Defendant relies on Miller v. Wykoff, supra, as authority for the proposition that the measure of damages in a case such as this must be the difference in value of the freehold before and after the trespass. Because there was no testimony concerning the value of the property either before or after the trespass, defendant insists that there was no basis for determining the amount of the loss of value of the freehold and that, accordingly, the verdict could not properly have been for more than nominal damages. We think it consistent with Miller v. Wykoff, however, to hold that proofs that it would cost $1,250 to restore the lot to its condition before the trespass constituted evidence from which the jury might make a determination of the loss to the freehold.

Defendant says that the verdict for $2,000 was against the great weight of the evidence and that there was no evidence or proof to support a verdict in excess of the sum of $1,250. The record bears out this contention. Accordingly, the judgment must be reversed and new trial granted unless plaintiff shall, within 30 days after filing of this opinion, file a remittitur of $2,250; but, upon filing of such remittitur, *389 judgment for plaintiff will stand affirmed in the amount of $3,750. No costs.

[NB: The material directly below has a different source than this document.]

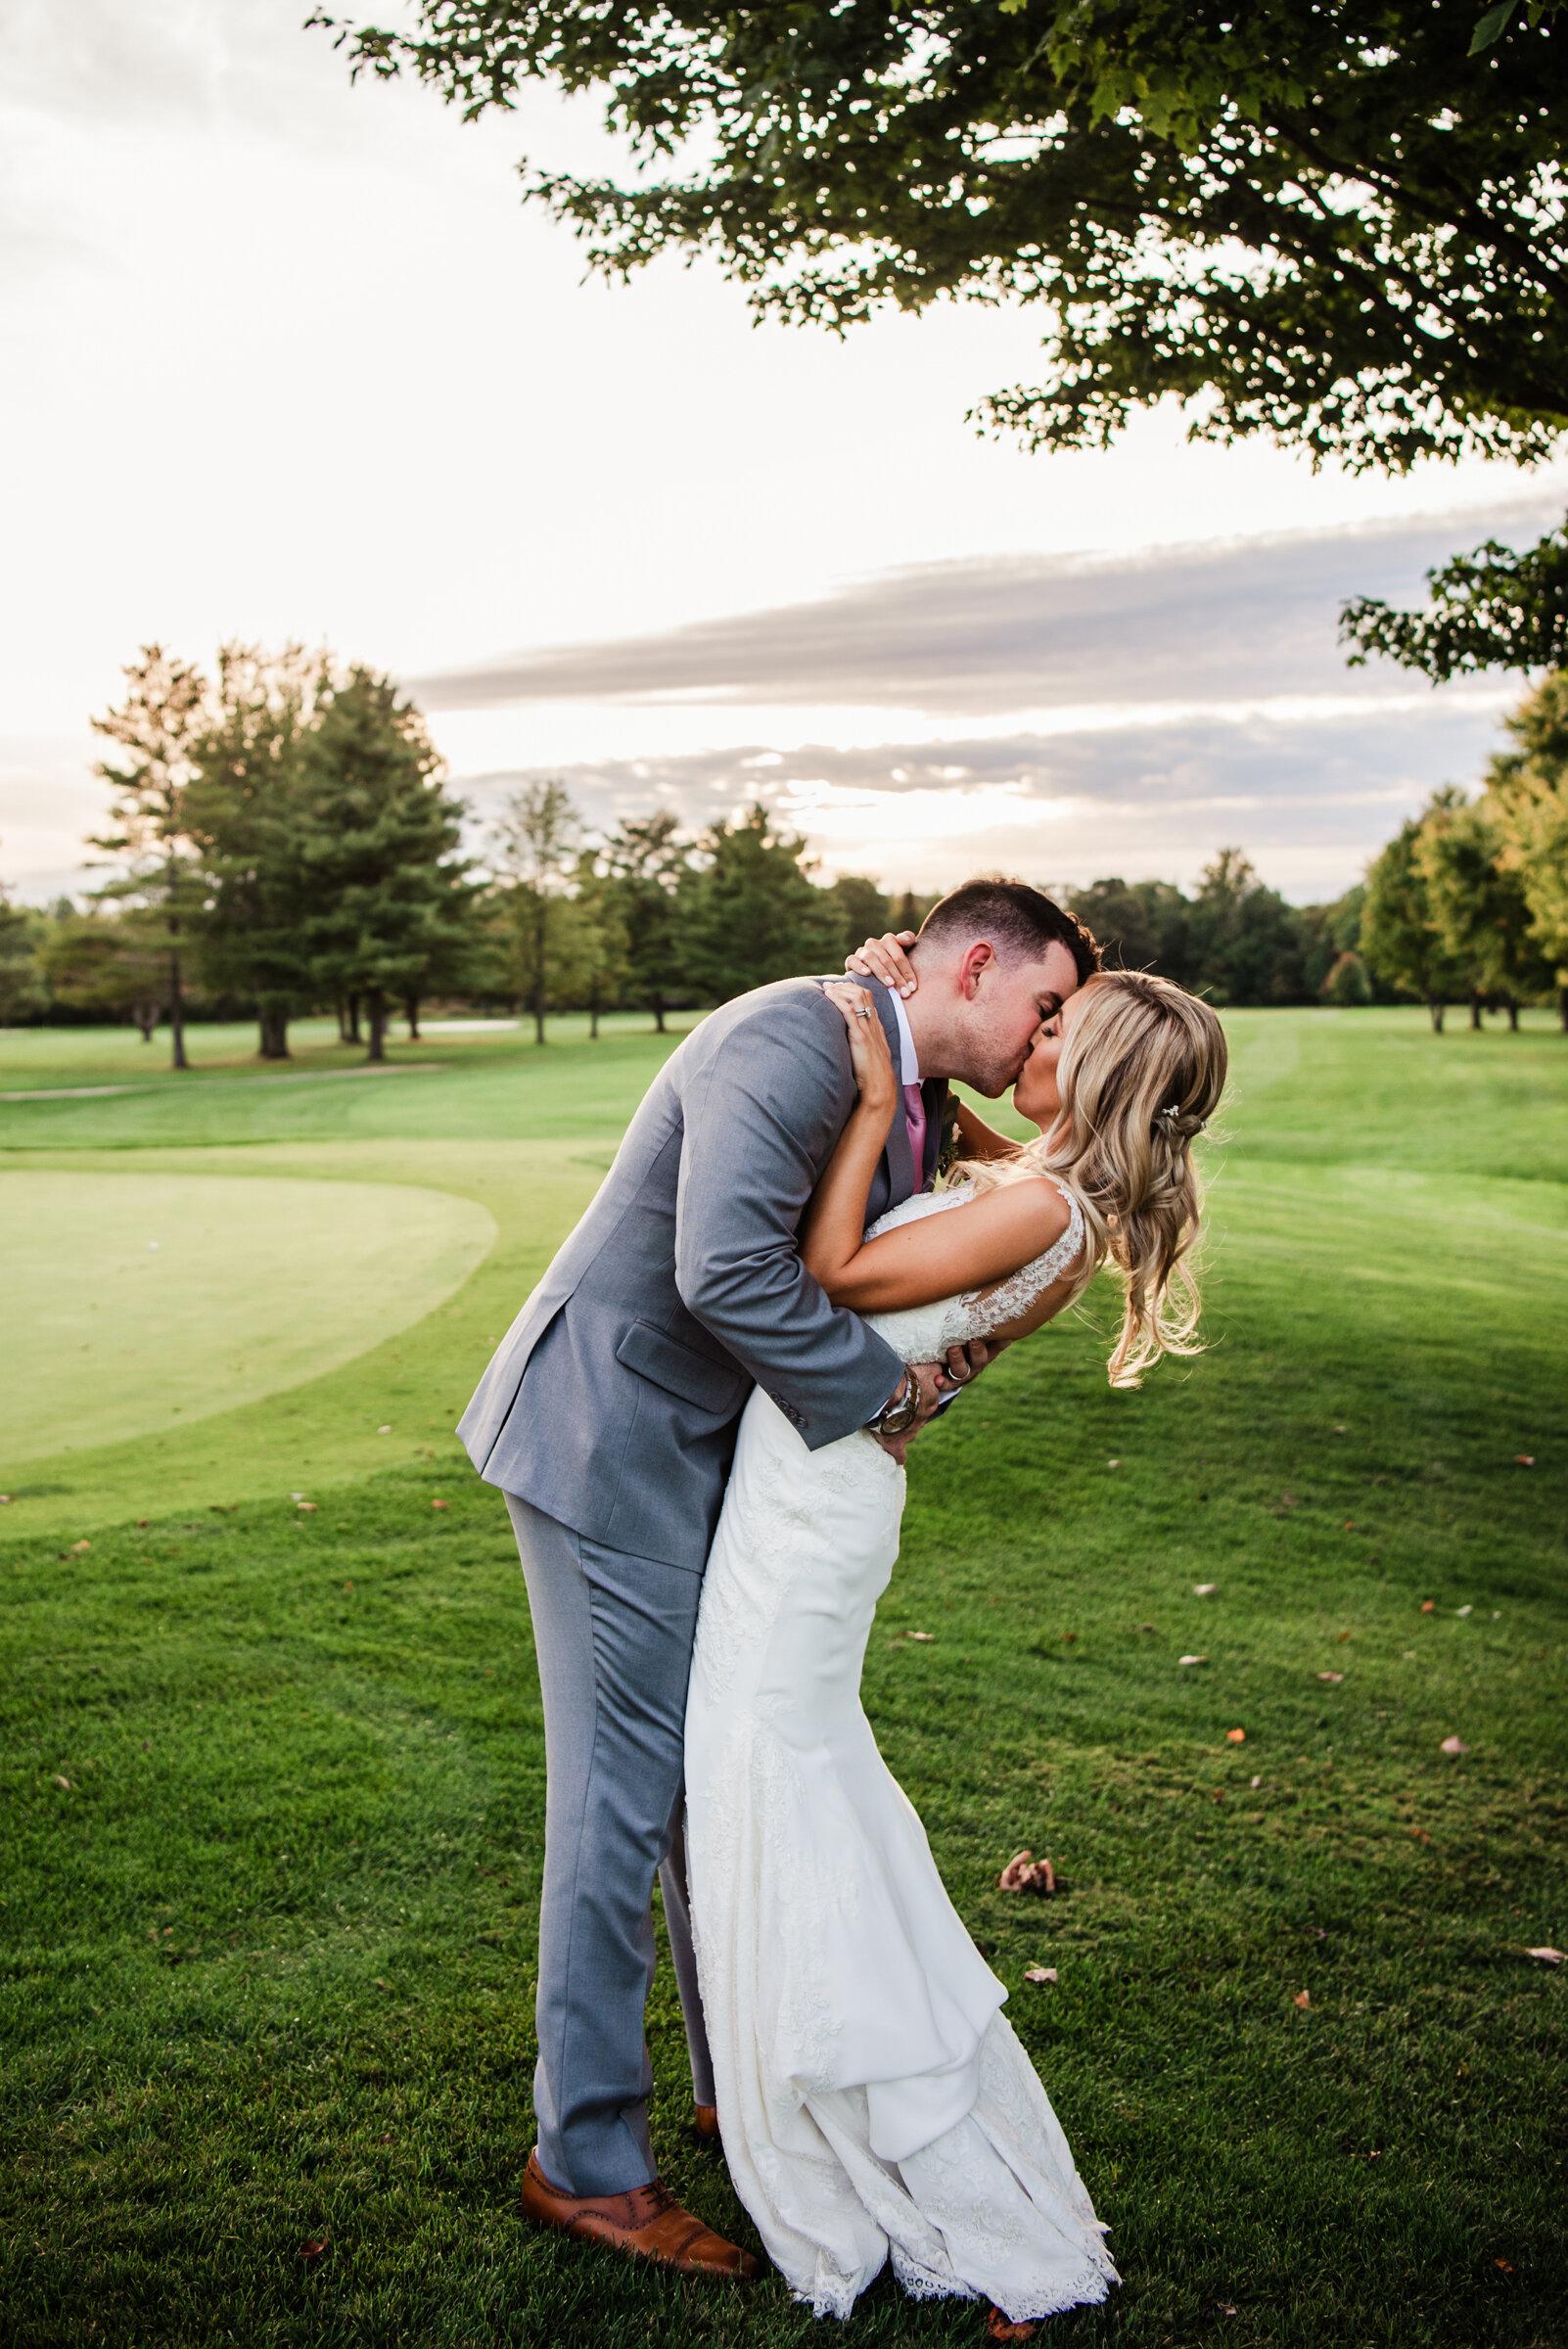 Deerfield_Country_Club_Rochester_Wedding_JILL_STUDIO_Rochester_NY_Photographer_DSC_6932.jpg

CARR, KELLY, SMITH, BLACK, EDWARDS, VOELKER, and KAVANAGH, JJ., concurred.

NOTES

[*] CL 1948, § 692.451 (Stat Ann § 27.2161):

"Any person who shall cut down or carry off, any wood, underwood, trees or timber, or shall girdle or otherwise despoil or injure any trees on the land of any other person, or shall dig up or carry away any stone, ore, gravel, clay, sand, turf, or mould from such land, or any roots, fruit or plant there being, or cut down or carry away any grass, hay, or any kind of grain standing, growing or being on such land, without the leave of the owner thereof, or on the lands or commons of any city, township, village or other corporations without license therefor given, shall be liable to the owner of such land, or to such corporation, in 3 times the amount of damages which shall be assessed therefor in an action of trespass, by a jury, or by a justice of the peace in the cases provided by law."